Ready or not, it’s back to school time! It’s important that kids (and moms!) eat a healthy breakfast, but providing that can become overwhelming sometimes.
Here are a few make-ahead breakfast ideas and recipes to help ease that burden:
Green Smoothie Pancakes
Blendtec calls these Green Smoothie Pancakes, but at our house, they are known simply as Grinch Cakes. “Green smoothie” isn’t the most appealing name to kids, but who doesn’t love the Grinch? We made them around Christmastime one year when my kids were really little and the name Grinch Cakes has stuck ever since.
Now, don’t be deceived. These aren’t Grandma’s fluffy buttermilk pancakes she makes with processed white flour and too much sugar. So if you expect them to taste like that, you will be sorely disappointed. Buuuuuut…..they are delicious. And incredibly healthy. The color comes from spinach, but you can’t taste it at all! We have adapted the recipe a bit and usually make them gluten-free. It calls for wheat berries, but instead, we use equal parts brown rice and steel-cut oats.
I also don’t like the taste of banana, so I often use an apple (core removed) instead. Sometimes we’ll find a tiny chunk of apple in a pancake, but it’s never been a bother. I also omit the sugar, as we put plenty of sugar on top with syrup and sometimes jam.
Pancakes can be time-consuming to cook, but one of my favorite things about these is how nicely they freeze. I usually make a double batch and freeze most of them. Each morning I pop a few in the toaster oven and breakfast is ready just like that!
This recipe is from the Blendtec website, but can be done in any high powered blender. There is also a note about using flour instead of wheat berries. That would make it doable in a smaller blender. Here’s the recipe:
- 1 cup low-fat milk
- 1 cup wheat berries
- 2 cups spinach, packed
- 2 tbsp. flaxseed
- 3 large eggs
- 2 tbsp. granulated sugar
- 1 banana
- 2 tsp. vanilla extract
- 1 tbsp. baking powder
- Add milk, wheat berries, spinach, and flax seeds to FourSide or WildSide+ jar and secure lid.
- Blend on a high speed for 50 seconds.
- Add remaining ingredients to jar and secure lid. Select “Batters” or blend on a Medium-Low speed for 30 seconds.
- Allow batter to rest 5 minutes.
- Heat griddle or other pan over medium to medium high heat and grease. Pour approximately ¼ cup batter onto heated pan and cook approximately 1 minute or until bubbles break the surface of the pancake and the underside is golden brown. Flip and cook for approximately 30 seconds. Repeat with remaining batter.
- Serve immediately, or keep warm in the oven at 200°F loosely wrapped in foil.
Substitute 1⅓ cup of flour in place of the wheat berries.
Another quick make-ahead breakfast that my kids love is overnight oatmeal. There are two ways you can do this. Our favorite is in the instant pot, set on a delay start so the oats cook in the morning right as we’re all waking up. The other involves putting the oats with milk in the fridge overnight and they soak up the liquid to be ready to eat in the morning.
Instant Pot method
- 1 1/2 Cups steel cut oat
- 4 Cups water
- 1/4 Cup peanut butter
- 3 Tbps hemp hearts
- 3 Tbps chia seeds
- 1/4-1/2 Cup honey
- 1 1/2 Cups frozen berries (optional)
Add oats and water to instant pot. Set on porridge setting for 20 minutes with a delay start. I find it takes about 40 minutes to get up to pressure, so set it to start one hour before you want the oats to be finished.

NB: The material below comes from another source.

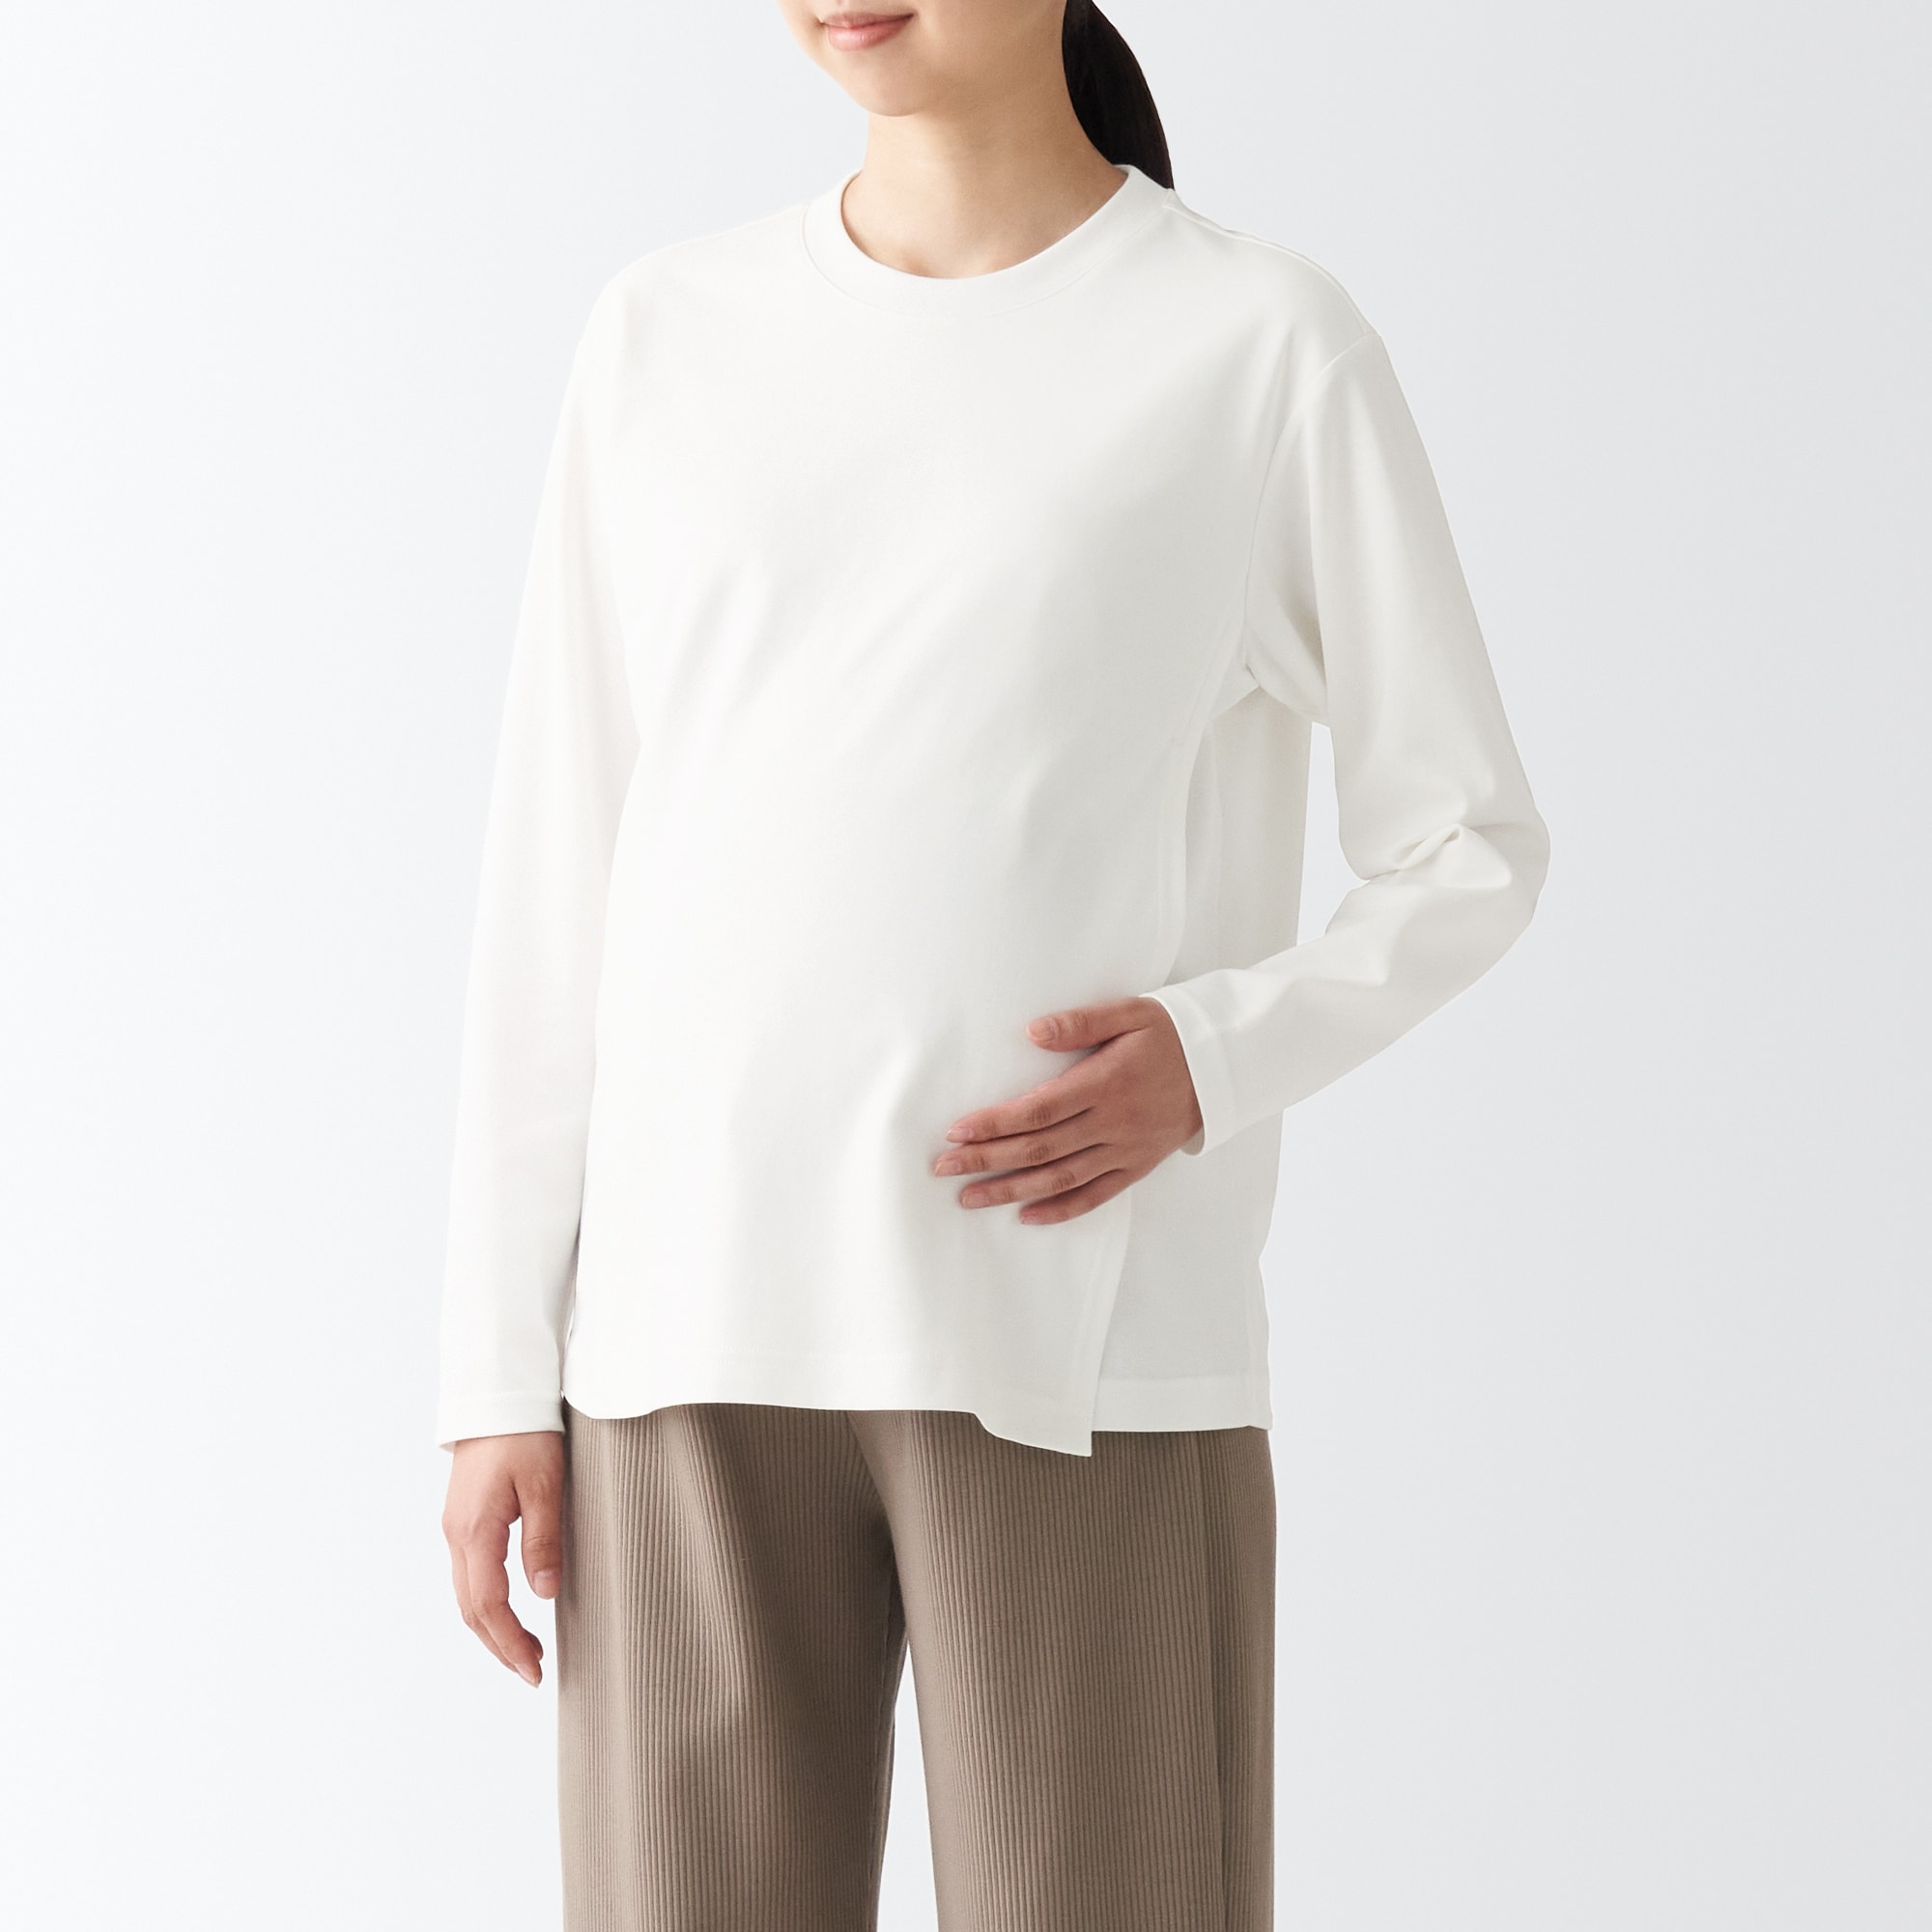 무인양품 일본 임부복 더블 니트 수유 티셔츠

Allow a natural pressure release for five minutes and then manually release the pressure. Add other ingredients, to your preference.
With a little effort the night before, this makes breakfast a breeze. If you would prefer an option that you literally eat with a spoon straight out of the fridge, try refrigerator over-night oats.
- 1/4 Cup old fashioned oats (not instant or steel cut)
- 1/3 Cup milk
- 1/4 Cup yogurt
- 1 1/2 tsp chia seeds
- 2 Tbps maple syrup or honey
- 1/4 Cup berries
Combine everything except blueberries in a half-pint (one cup) jar and secure lid. Shake vigorously to combine. Add berries and stir gently. Refrigerate overnight or for up to 3 days.
One great thing about oatmeal is that the flavor possibilities are almost endless. Throw in some diced apples and a dash of cinnamon. Chunks of mango with coconut flakes make a yummy tropical option. Maybe some peanut butter and chocolate chips for the sweet tooth. Just about anything goes!
What’s your go-to make-ahead breakfast for busy mornings?